Борис Пастернак – родителям
«…Одно хорошо, – это зима в природе. Какой источник здоровья и покоя! Опять вернулся к прозе, опять хочу написать роман и постепенно его пишу… Может быть, когда я напишу роман, это развяжет мне руки. Может быть, тогда практическая воля проснется во мне, а с нею планы и удача. А пока я как заговоренный, точно сам себя заколдовал. Жизнь своих на Тверском я разбил [107] , что же с таким чувством и сознаньем сказать о своей собственной? И в общественных делах мне не все так ясно, как раньше, то есть я бездеятельнее, потому что не так в себе уверен. Вообще посмотришь, а здорового во мне или близ меня только одно: природа и работа. Та и другая пока поглощают меня всего, и неужели эта преданность им такой грех и преступленье, что меня за этим подкараулит какое-нибудь несчастье, и я не увижу ни вас, ни изменившейся Жениной жизни, ничего, ничего из того, что тревожит и поторапливает меня? Однако никакого выбора нет, и я живу верой и грустью; верой и страхом; верой и работой. Не это ли называется надеждой…»
«…Если из-за разделенности с Женичкой и вами и непокладистости Жени я никогда не буду и не могу быть счастлив, ядром, ослепительным ядром того, что можно назвать счастьем, я сейчас владею. Оно в той, потрясающе медленно накопляющейся рукописи, которая опять после многолетнего перерыва ставит меня в обладанье чем-то объемным, закономерно распространяющимся, живо прирастающим, точно та вегетативная нервная система, расстройством которой я болел два года тому назад, во всем здоровьи смотрит на меня с ее страниц и ко мне отсюда возвращается… Мне все время в голову приходит Чехов, а те немногие, которым я кое-что показывал, опять вспоминают про Толстого…»
«…Я продолжаю жить тут, – один в большом двухэтажном, плохо построенном доме (три года, как он построен, а уже гниет и проваливается), в сыром лесу, где с пяти часов темнеет и ночью далеко не весело, только потому, что неизбежный при этом обиход (в отношении отапливанья, уборки, стряпни и прочего) напоминает мне 19 и 20-й годы, последнее по счету время, проведенное вместе с вами и родителями…»
«…Мальчик родился, милый, здоровый и, кажется, славный. Он умудрился появиться на свет в новогоднюю ночь с последним, двенадцатым ударом часов, почему, по статистике родильного дома и попал сразу в печать, как „первый мальчик 1938 года, родившийся в 0 часов 1 января“. Я назвал его в твою честь Леонидом…
По естественнейшим законам у мужчины и женщины (немного, правда, поздно) родился мальчик морозной новогодней ночью, славный, спокойный, как и самый факт его явленья, не столько в семье, сколько в природе, ночной, почти не городской, снежной.

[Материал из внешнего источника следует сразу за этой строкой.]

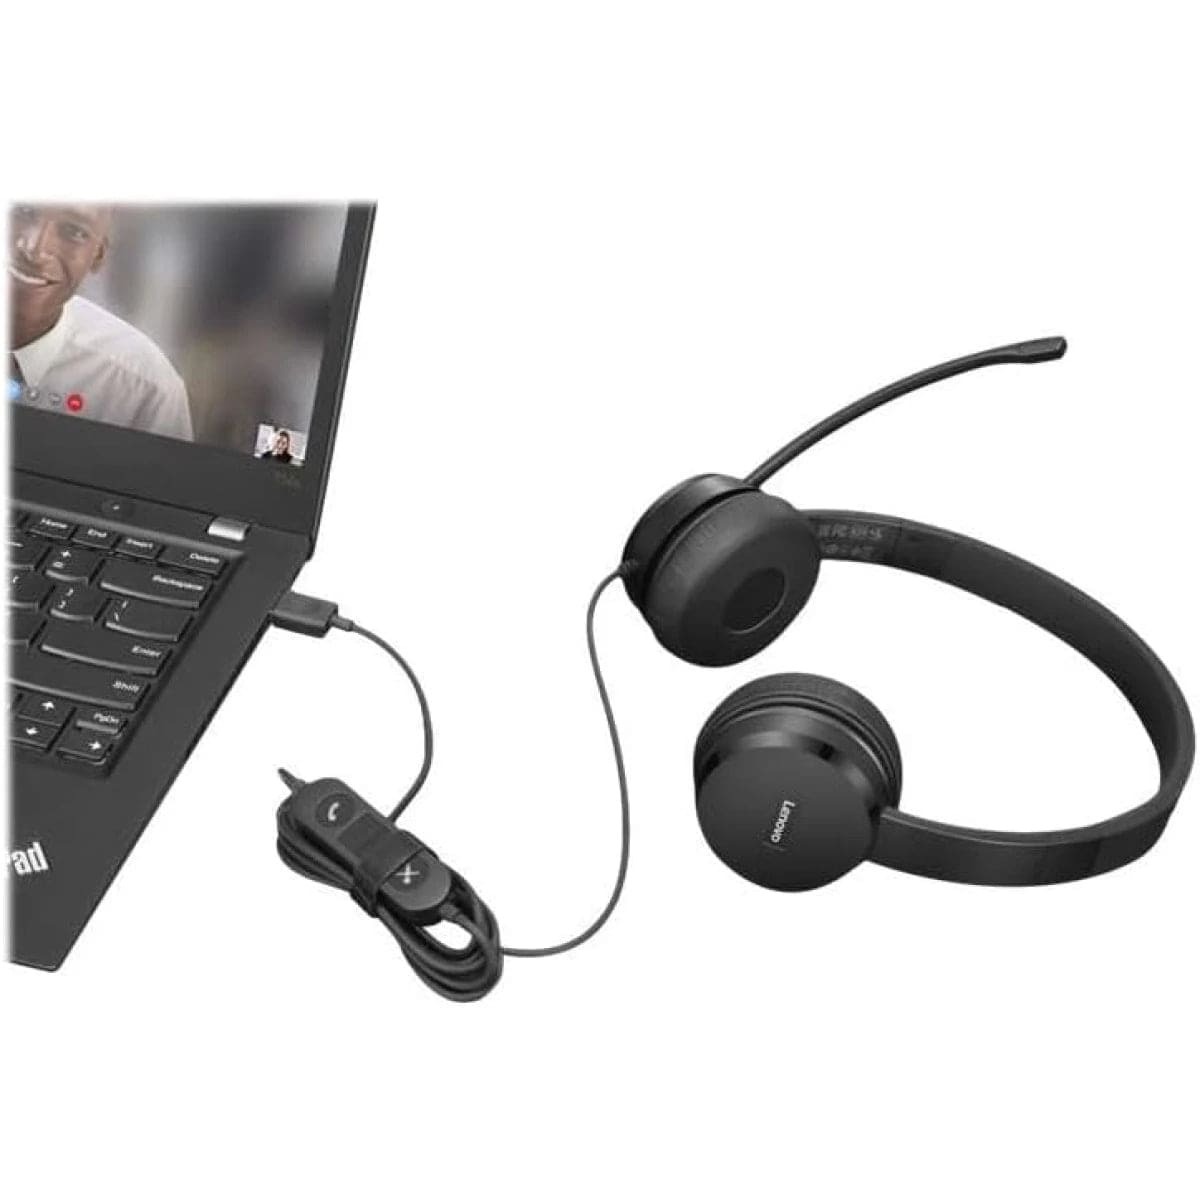 LENOVO headset Lenovo USB-A Stereo On-Ear Business Lightweight Headset w/ Control Box & Noise Cancellation - Black 4XD1K18260

И дай ему Бог счастья и здоровья…»
«…Именно в 36 году, когда начались эти страшные процессы, все сломилось во мне, и единение с временем перешло в сопротивление ему, которого я не скрывал. Я ушел в переводы. Личное творчество кончилось. Оно снова пробудилось накануне войны, может быть, как ее предчувствие, в 1940 году…»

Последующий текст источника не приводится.